格子状に並んだランプがビガビガと点滅して、
計算結果が穴のあいた紙テープとして出てくる。

白衣を着た技術者やハカセがその紙テープをマジマジと見て、

「ムムッ、地球が危ない!」

的な演出があります。

いかにもな演出ではありますが、
「読めるわけがない! 紙テープから出てくるのは機械語といって人間には理解できないものだ」

とおっしゃっている方がいらっしゃいました。

結構突っ込まれているのですが、普通に読めますわね。

そもそも機械語というものを誤解なさっている気がいたします。

紙テープに穿孔されている穴は、ひとつひとつが2進数の1でして
だいたいテープの幅いっぱいの一列で何らかの数字を表しています。

技術者であれば、その穴の並びをみれば、数字がみえてきます。

その数字が何を表しているのか、は、コンピュータにどんな命令を与えたか、によります。

「地球の総人口を計算せよ!」とかの命令を与えていたとすれば、その数字は地球の総人口を意味しています。

「最新のニュースを出せ!」とかの命令を与えていたとすれば、その数字は文字を表しています。
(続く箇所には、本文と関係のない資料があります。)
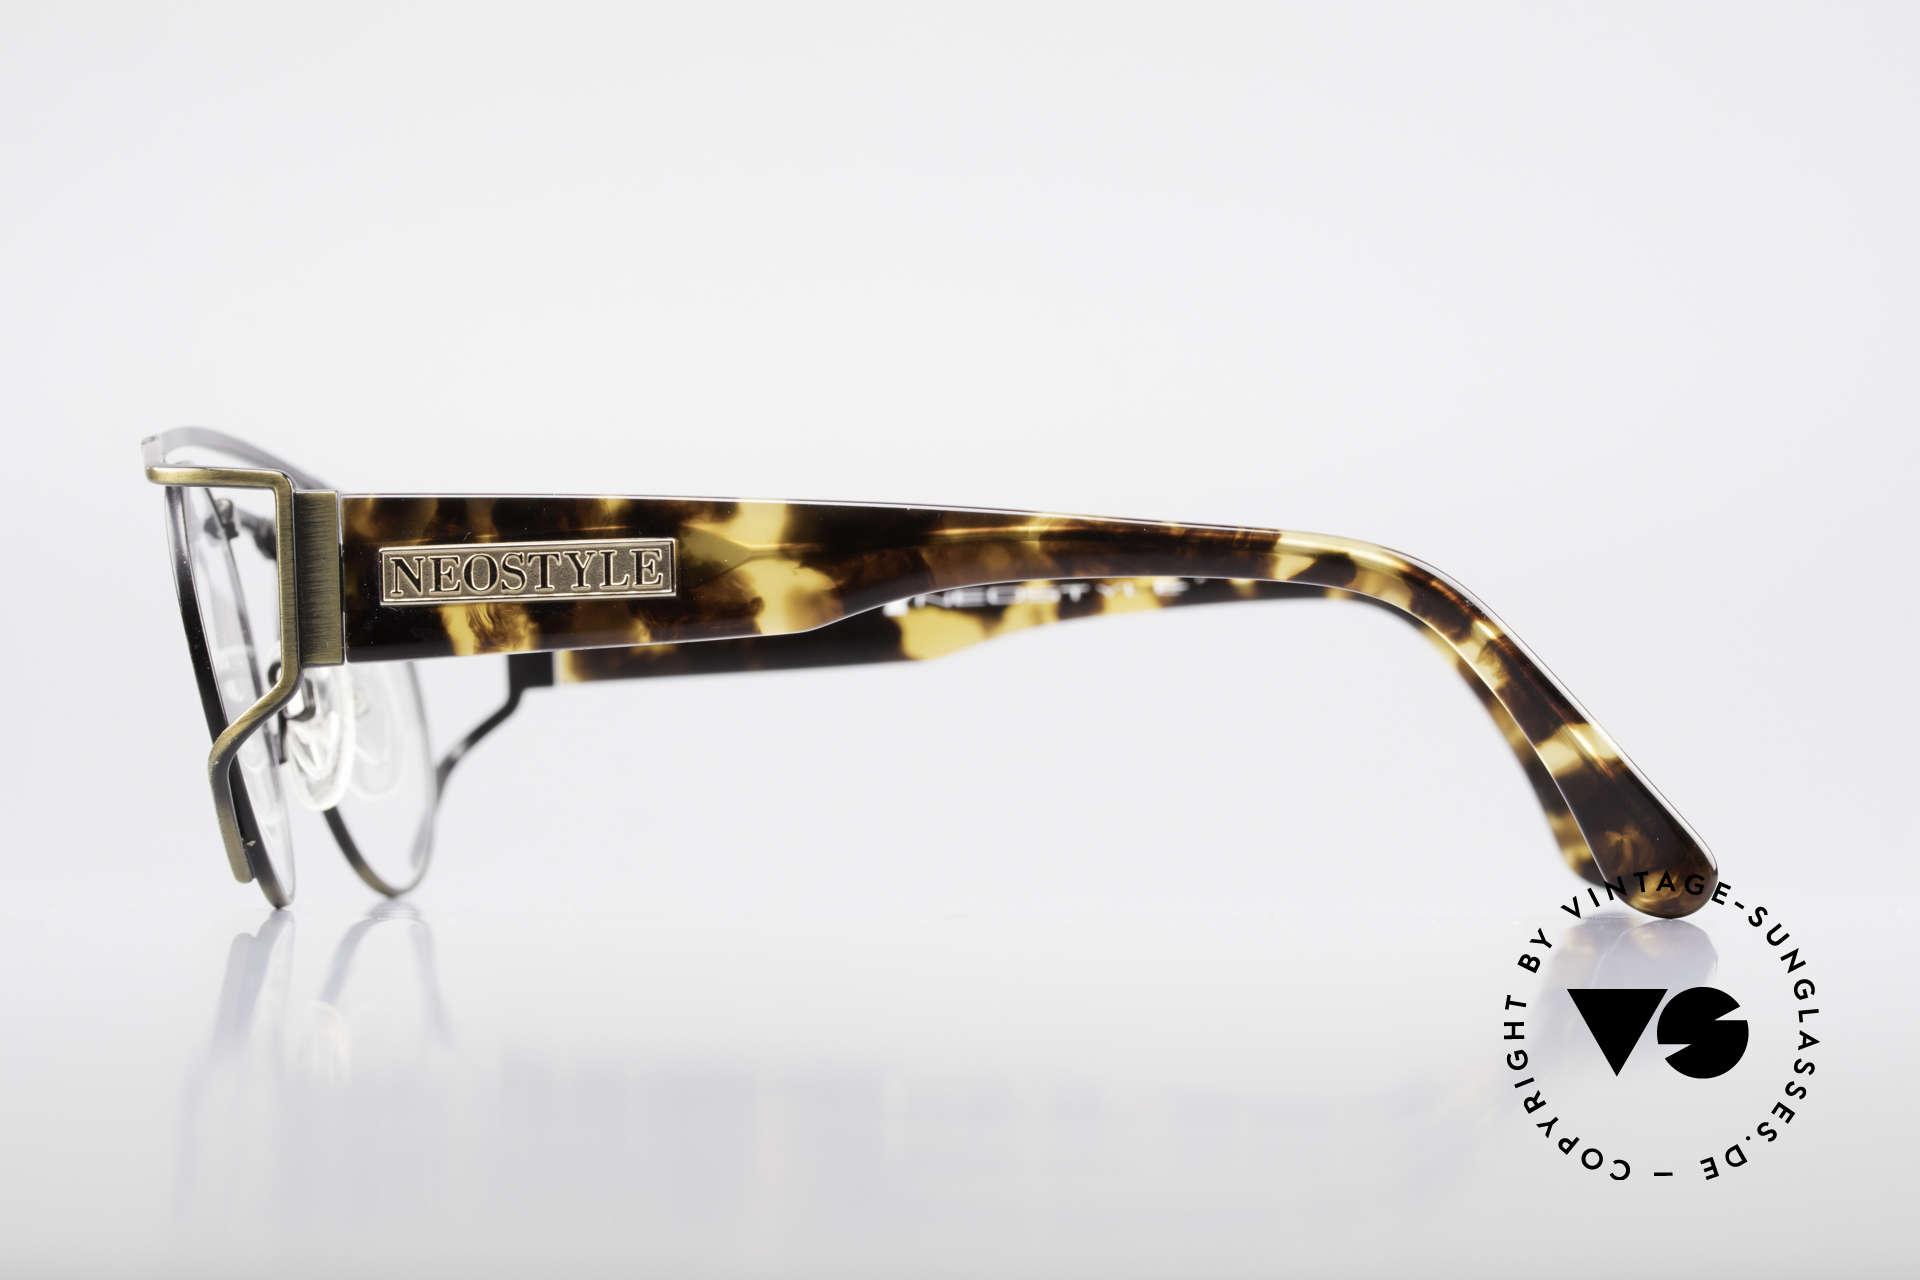 Neostyle Superstar 1 Steampunk Vintage Eyeglasses, Size: medium, Made for Men and Women
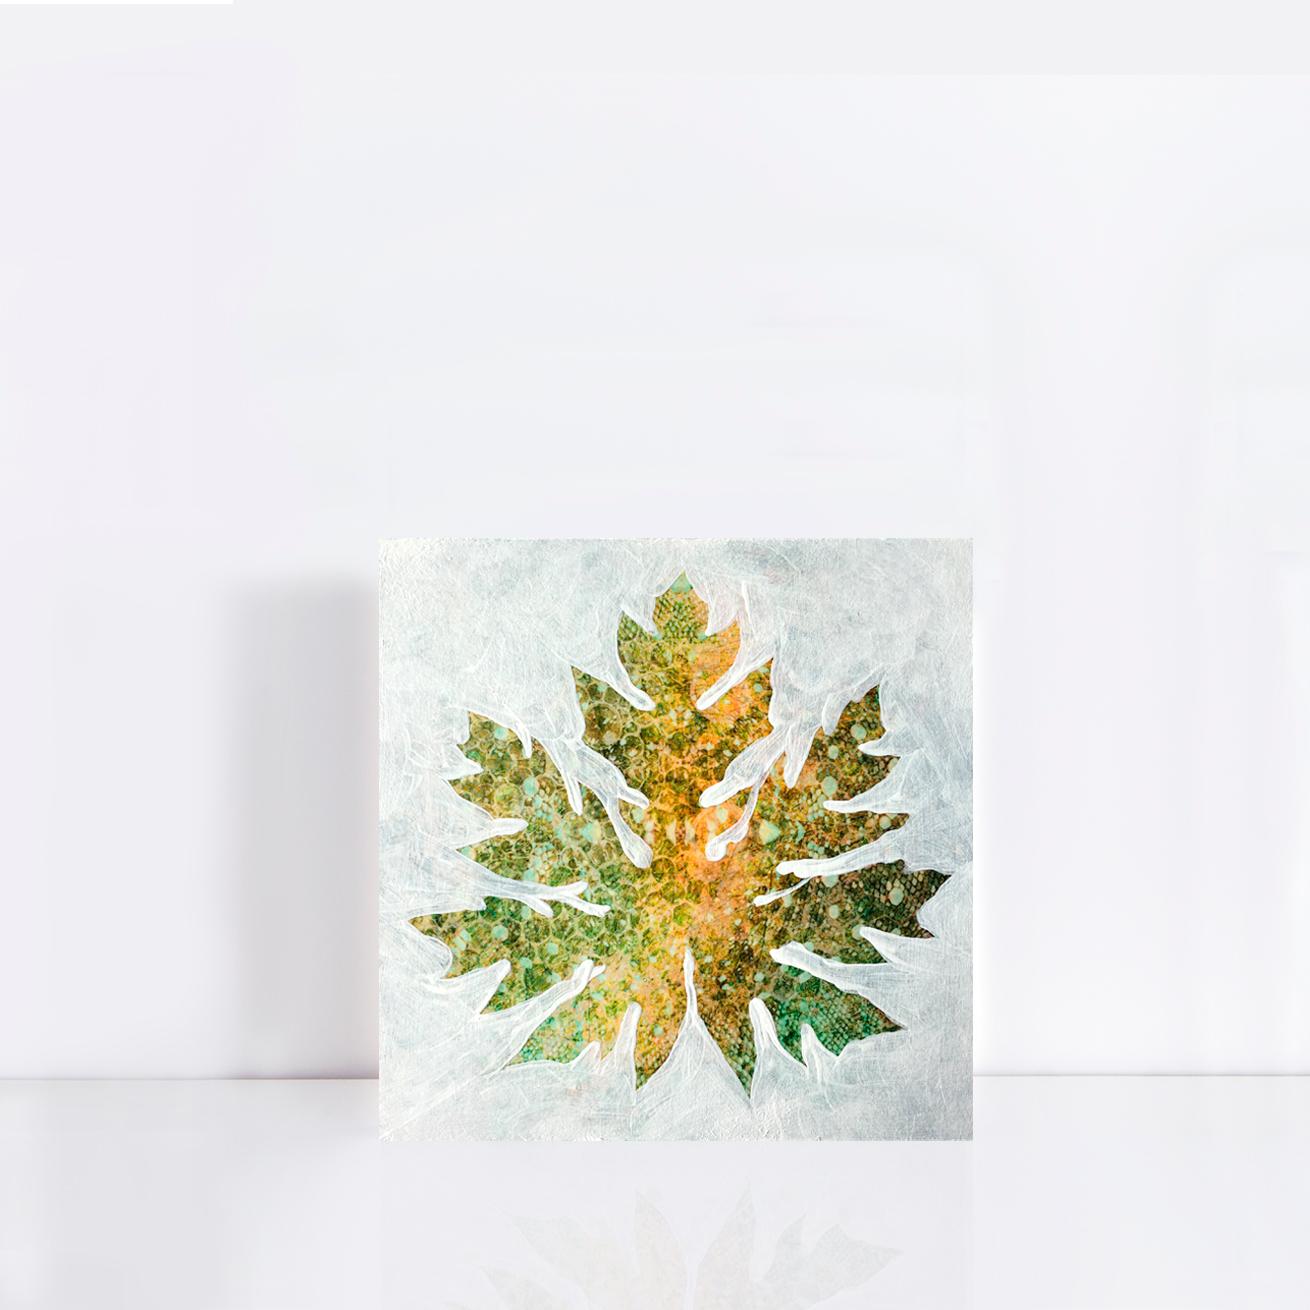 fineart-patterned-leaf-3f

数字と文字を1対1対応させた表があるのですね。まるで暗号のようですが、
アルファベットにかぎれば、その表を丸暗記するのはそこまで大変なことではないので、読むことは可能です。

このように、紙テープに出力されるのは、じつは機械向けではなく人間向けの情報であることが多いのです。

このあと紙テープを読取装置にかけることで、それがブラウン管などに表示されて、誰でも見られる情報になるのですが、技術者はその前の状態でもだいたいわかる、という演出なのですね。

というわけで、「機械語でなければ紙テープは問題なく読める」が結論なのですが、

機械語は機械向けなので読むのは大変なのですが、読めないわけではないです。機械語を作ってるのも人間なので。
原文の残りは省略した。